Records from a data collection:
* * * *

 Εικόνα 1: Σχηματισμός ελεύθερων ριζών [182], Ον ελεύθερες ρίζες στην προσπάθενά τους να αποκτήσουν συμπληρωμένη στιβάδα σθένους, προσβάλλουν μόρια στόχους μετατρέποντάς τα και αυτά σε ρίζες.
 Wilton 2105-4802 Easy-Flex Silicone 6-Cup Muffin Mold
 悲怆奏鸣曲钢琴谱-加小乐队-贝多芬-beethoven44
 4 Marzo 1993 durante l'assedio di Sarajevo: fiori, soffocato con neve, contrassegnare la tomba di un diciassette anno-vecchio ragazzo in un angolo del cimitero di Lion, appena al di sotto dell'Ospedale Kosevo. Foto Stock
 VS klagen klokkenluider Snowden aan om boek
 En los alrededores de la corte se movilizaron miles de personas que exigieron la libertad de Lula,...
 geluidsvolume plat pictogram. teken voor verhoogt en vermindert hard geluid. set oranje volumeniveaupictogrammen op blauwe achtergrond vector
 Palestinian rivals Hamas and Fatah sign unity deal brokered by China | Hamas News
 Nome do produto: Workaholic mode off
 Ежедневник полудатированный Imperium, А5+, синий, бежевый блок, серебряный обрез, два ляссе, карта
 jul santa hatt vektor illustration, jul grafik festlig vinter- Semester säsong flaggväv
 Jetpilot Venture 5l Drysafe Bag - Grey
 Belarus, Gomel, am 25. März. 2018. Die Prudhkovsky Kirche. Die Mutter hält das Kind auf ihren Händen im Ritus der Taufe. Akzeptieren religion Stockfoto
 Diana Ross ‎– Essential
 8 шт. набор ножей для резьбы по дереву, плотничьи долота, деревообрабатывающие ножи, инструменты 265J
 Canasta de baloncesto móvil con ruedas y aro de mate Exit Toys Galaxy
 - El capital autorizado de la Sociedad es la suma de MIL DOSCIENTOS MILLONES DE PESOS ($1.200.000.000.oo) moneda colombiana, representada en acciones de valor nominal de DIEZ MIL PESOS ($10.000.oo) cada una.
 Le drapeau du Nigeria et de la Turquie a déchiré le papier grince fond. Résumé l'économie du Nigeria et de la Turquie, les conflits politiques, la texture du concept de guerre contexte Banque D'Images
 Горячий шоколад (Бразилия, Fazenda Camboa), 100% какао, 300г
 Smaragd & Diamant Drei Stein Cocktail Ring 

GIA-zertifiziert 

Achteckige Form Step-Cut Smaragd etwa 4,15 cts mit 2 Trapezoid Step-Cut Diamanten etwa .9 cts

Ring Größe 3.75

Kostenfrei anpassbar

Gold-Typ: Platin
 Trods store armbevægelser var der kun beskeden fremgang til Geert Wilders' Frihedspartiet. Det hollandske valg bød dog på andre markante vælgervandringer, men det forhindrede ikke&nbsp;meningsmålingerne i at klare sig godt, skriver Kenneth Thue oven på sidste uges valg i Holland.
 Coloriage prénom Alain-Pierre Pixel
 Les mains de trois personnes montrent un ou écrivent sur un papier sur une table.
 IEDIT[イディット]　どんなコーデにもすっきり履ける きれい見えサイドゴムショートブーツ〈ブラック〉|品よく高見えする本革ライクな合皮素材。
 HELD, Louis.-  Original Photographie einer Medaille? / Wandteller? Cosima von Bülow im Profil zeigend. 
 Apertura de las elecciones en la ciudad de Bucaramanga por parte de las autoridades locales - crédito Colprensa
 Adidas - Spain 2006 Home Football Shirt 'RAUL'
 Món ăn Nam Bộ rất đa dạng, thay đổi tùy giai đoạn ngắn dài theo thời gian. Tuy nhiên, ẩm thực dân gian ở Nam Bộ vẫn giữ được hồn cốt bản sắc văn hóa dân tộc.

* * * *

WORK INSTRUCTIONS:
Find and copy each line above holding "papier".

ANSWER SECTION:
 Le drapeau du Nigeria et de la Turquie a déchiré le papier grince fond. Résumé l'économie du Nigeria et de la Turquie, les conflits politiques, la texture du concept de guerre contexte Banque D'Images
 Les mains de trois personnes montrent un ou écrivent sur un papier sur une table.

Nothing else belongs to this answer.